しかし、自由が認められているから何を聞いてもいいというのも間違いだ。質問によって就活生が精神的苦痛を被れば、プライバシー侵害やセクハラで訴えられるリスクもある。気になるのは、聞いてもいい質問とそうではない質問の線引きだ。

「質問が職務と関係があるかどうか、質問に合理的な理由があるかどうかが重要です。たとえば芸能事務所の女性タレント採用で、スリーサイズを聞くのはあたりまえですよね。でも、弁護士事務所の採用でスリーサイズについて質問するのは合理的関連性がない。要は質問の内容より、質問の理由が大切です」

理由しだいだとすると、厚労省が「配慮」を求める「尊敬する人物」や「愛読書」について質問することも十分に可能。たとえば「同じカルチャーを持った人を組ませたほうが、チームワークがよくなり、生産性も上がるため」という理由で質問すればいい。こうした質問をされたことに対して「精神的苦痛を被った」などと訴えられるリスクもゼロではないが「賠償相場を考えれば訴訟はワリに合わず、訴訟が提起されることはまず考えられない。
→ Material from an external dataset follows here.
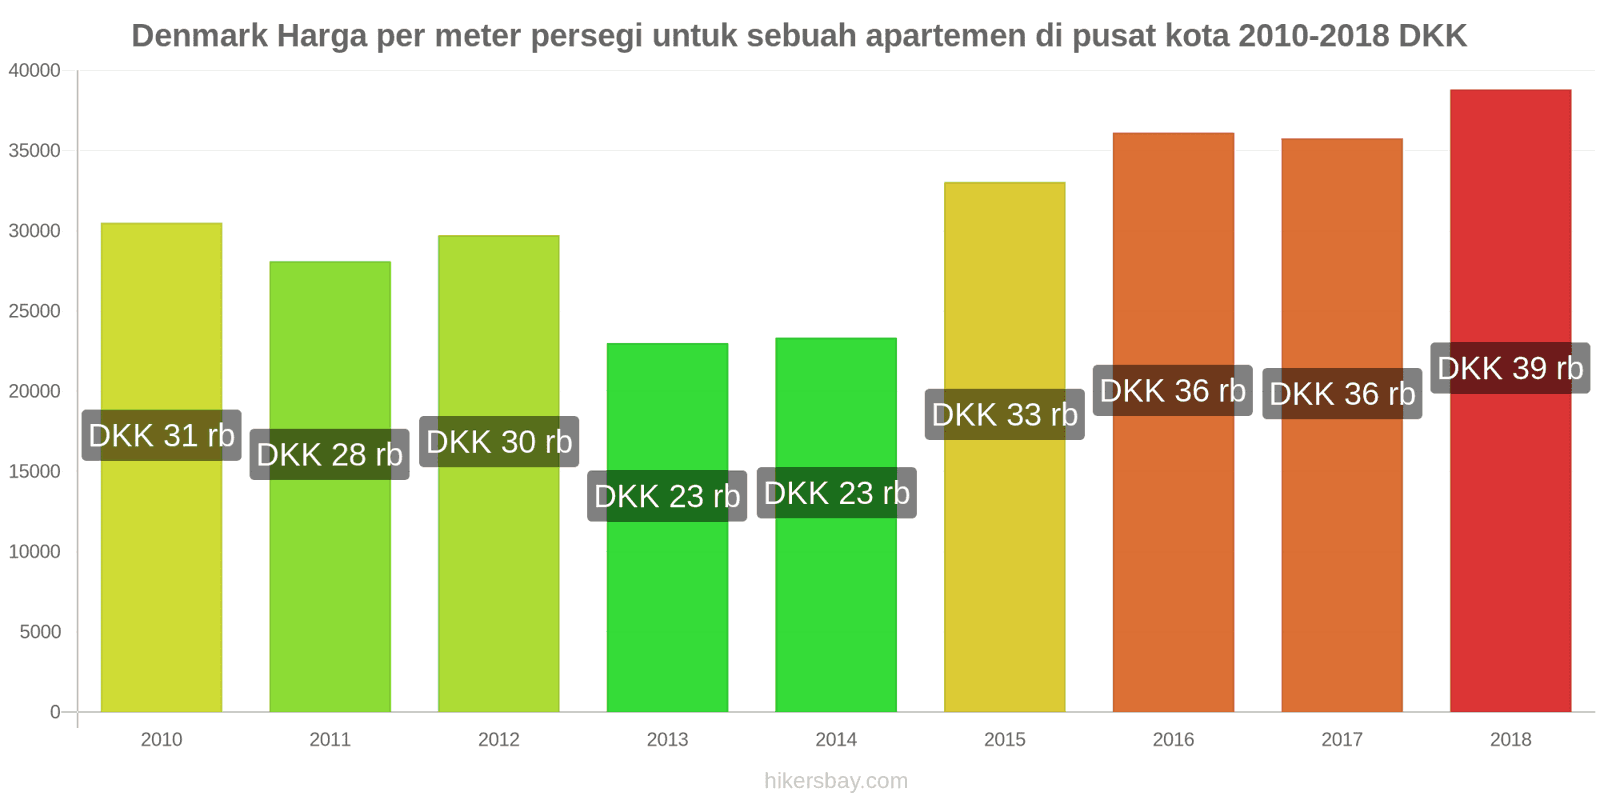 Denmark perubahan harga Harga per meter persegi untuk apartemen di pusat kota hikersbay.com
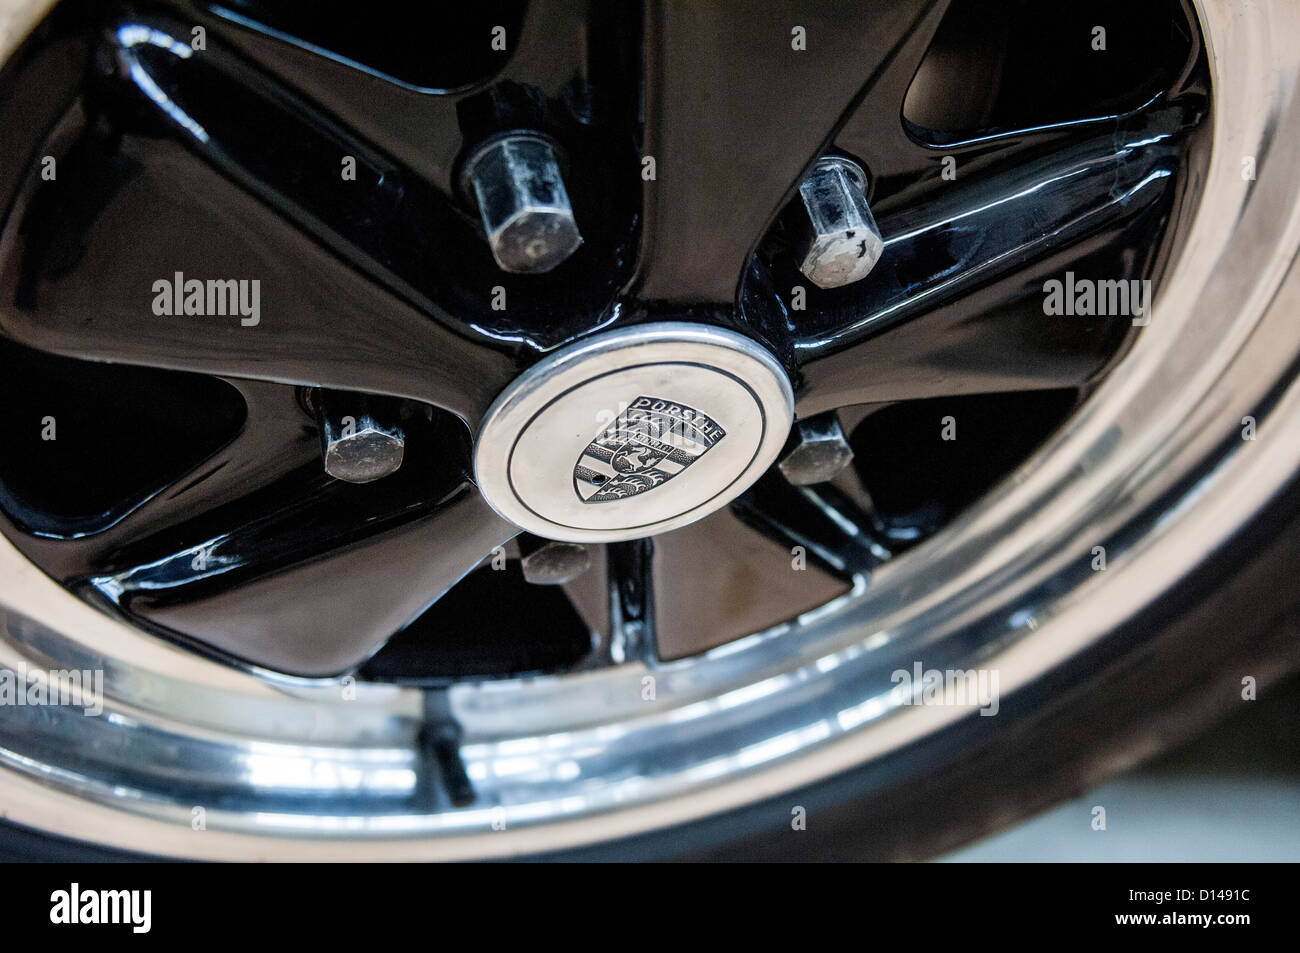 Oldtimer Porsche-Detail - Fuchs-Felge Stockfotografie - Alamy

全面敗訴のリスクは低いし、仮に一部敗訴となっても、認容賠償額は極めて低い」(畑中弁護士)。

合理的な理由を説明できない興味本位の質問はやめておいたほうがいい。訴訟のリスクは低くても、「あの会社はヤバい」とSNSで拡散するおそれもある。何を聞いてもいいが、尋ねた理由を就活生にきちんと説明できない質問はしないこと。それが面接官の心得だ。